=== Exercise ===
Below this line is a listing that includes pictures. Copy exactly, and only, the lines from the one containing "Cube Tour Cycling Shorts, bluee, BNWT" through the one containing "Peppa Pig - Papa"; the pictures do not go in the copy.

=== Record extracts ===
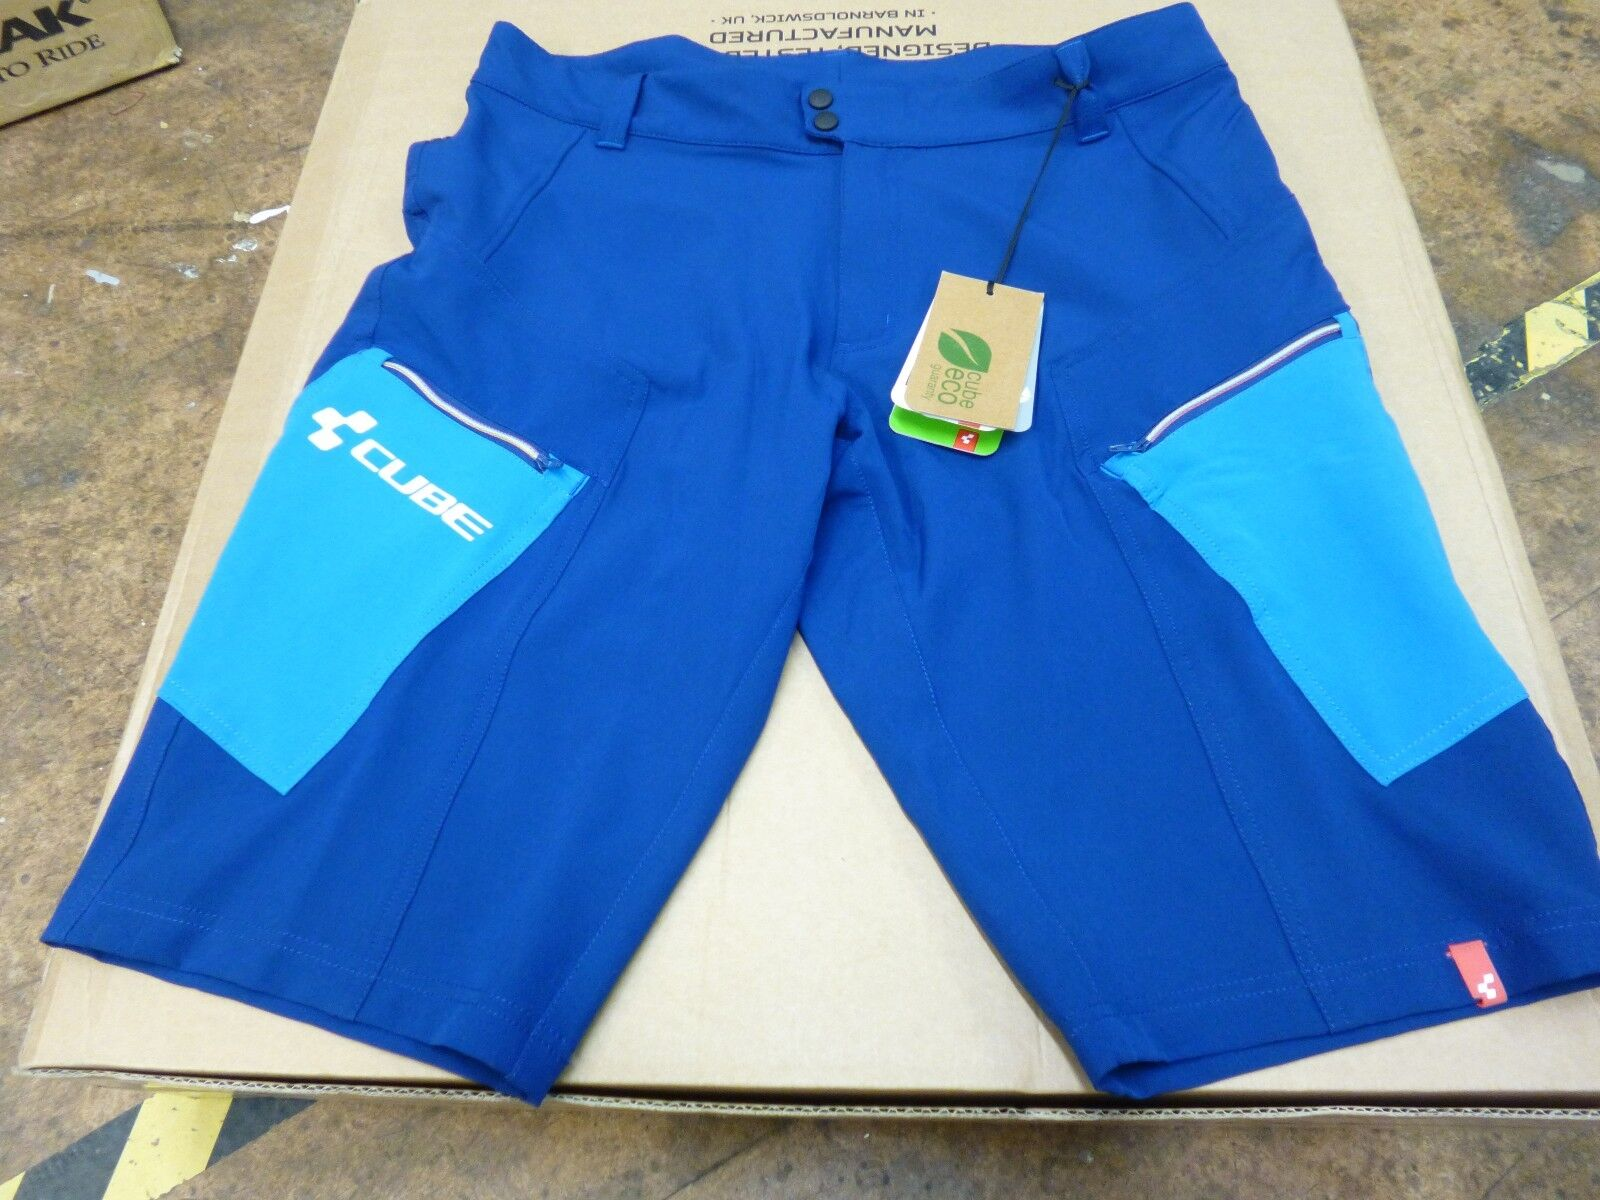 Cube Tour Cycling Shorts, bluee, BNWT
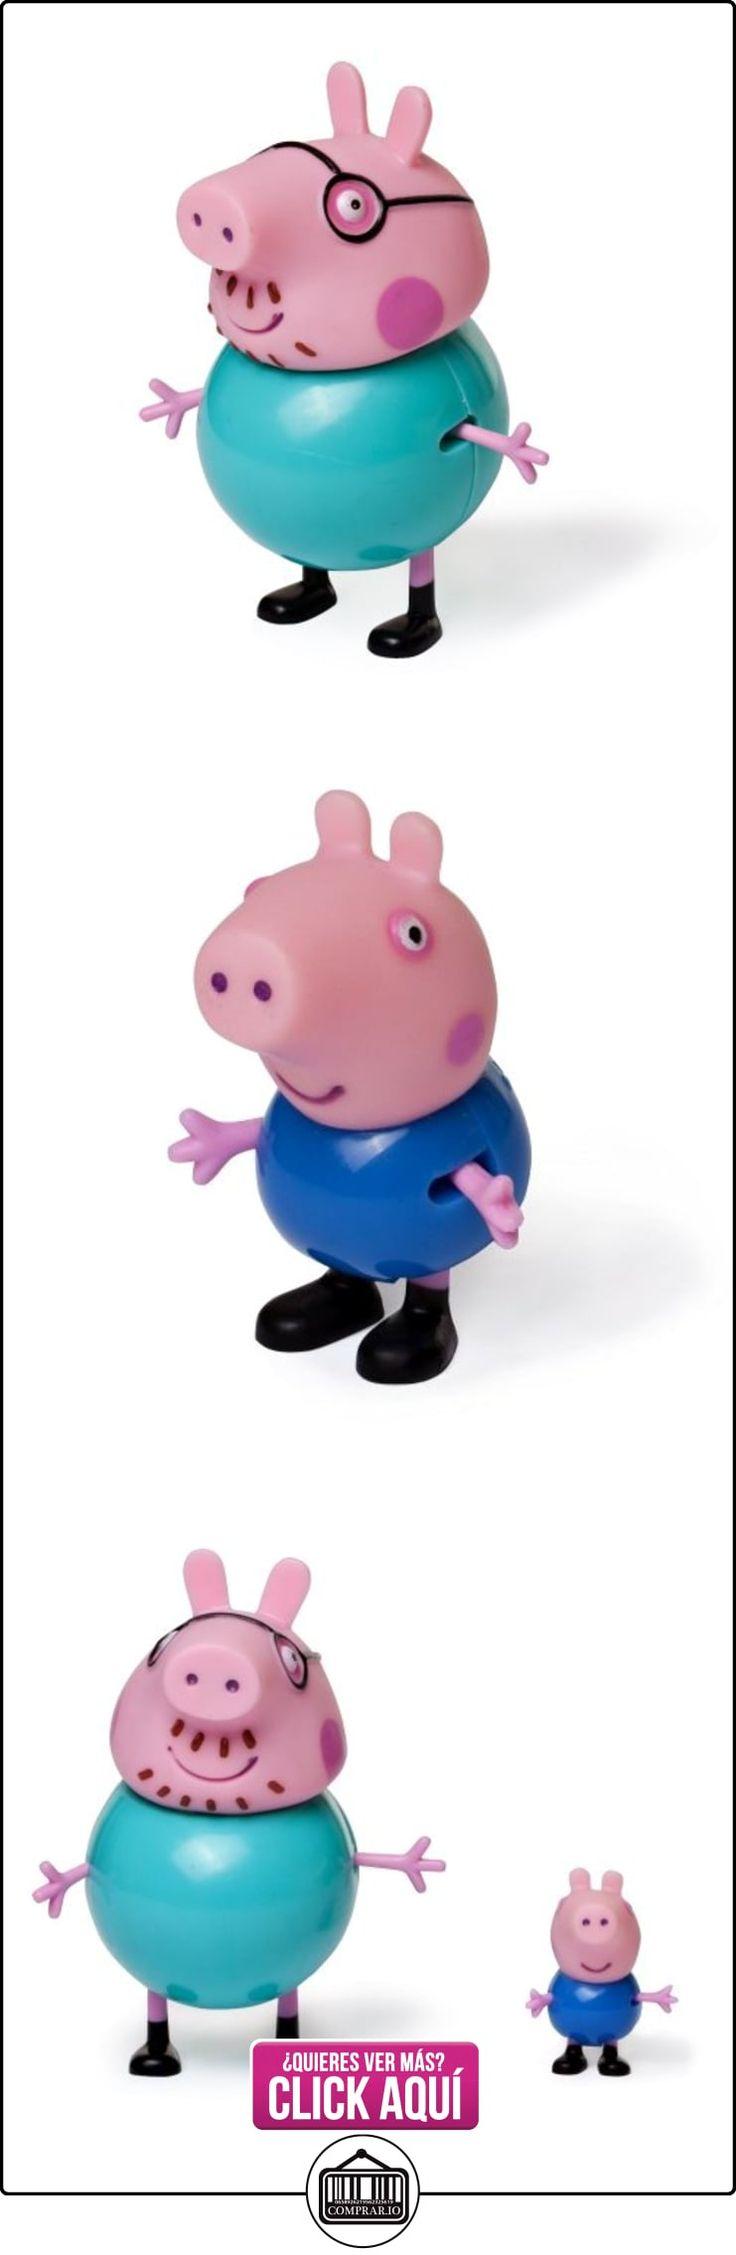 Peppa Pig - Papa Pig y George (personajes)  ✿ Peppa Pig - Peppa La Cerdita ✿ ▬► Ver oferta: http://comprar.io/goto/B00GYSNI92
---
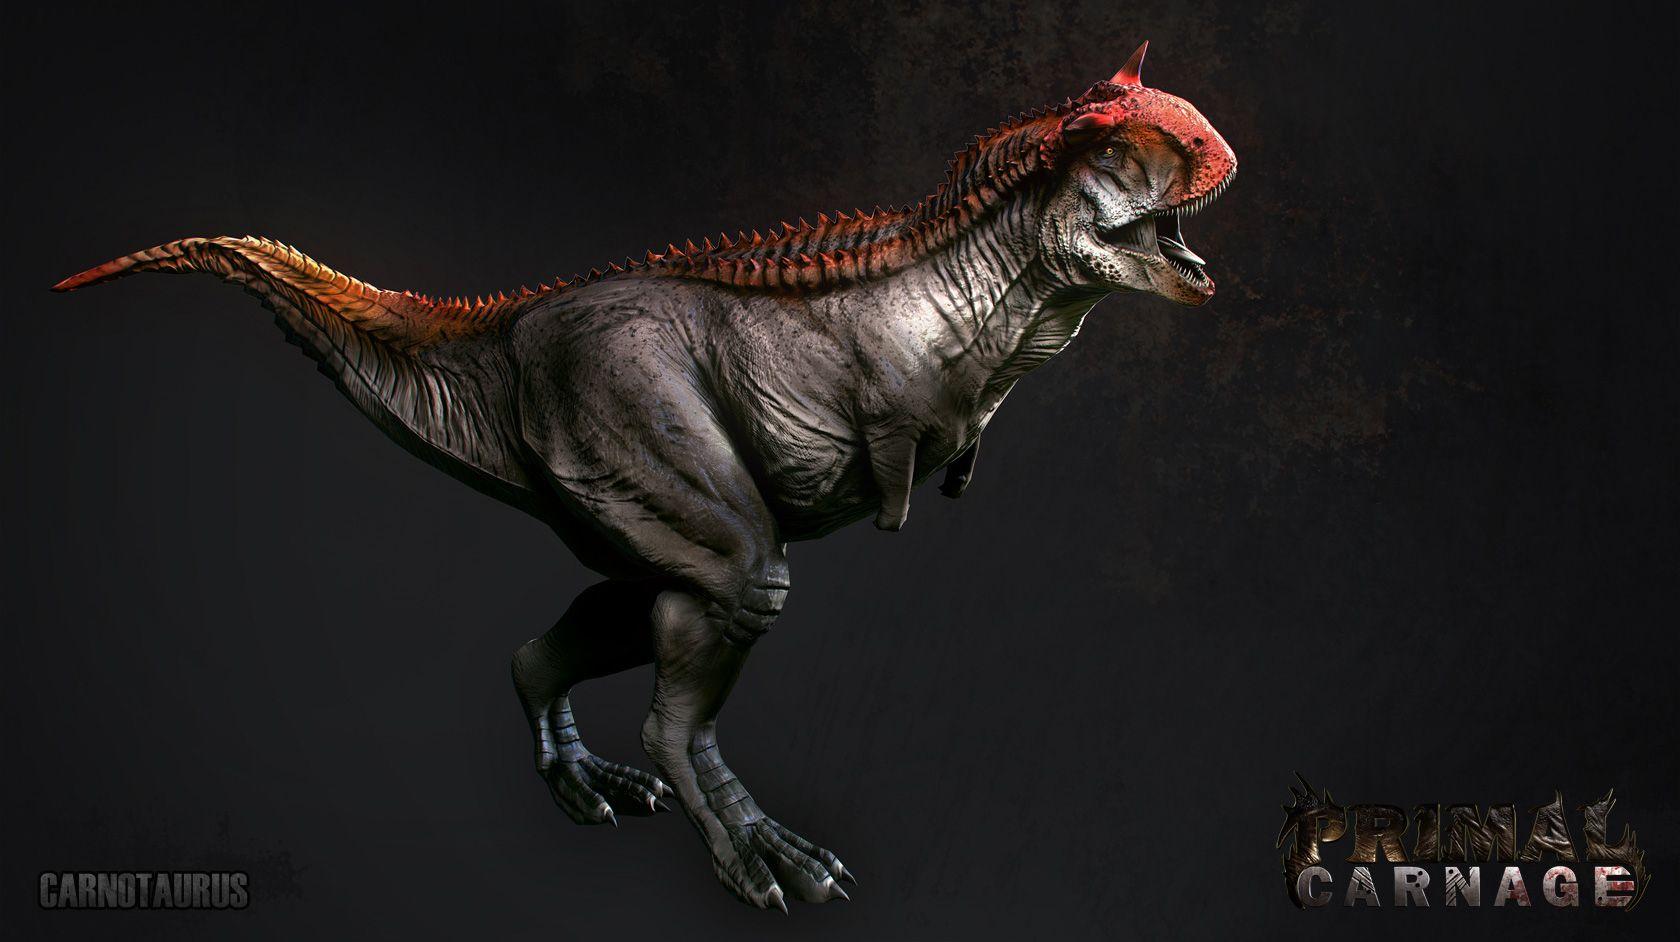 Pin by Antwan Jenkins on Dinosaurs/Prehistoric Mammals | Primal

=== Output ===
 Cube Tour Cycling Shorts, bluee, BNWT
 Peppa Pig - Papa Pig y George (personajes)  ✿ Peppa Pig - Peppa La Cerdita ✿ ▬► Ver oferta: http://comprar.io/goto/B00GYSNI92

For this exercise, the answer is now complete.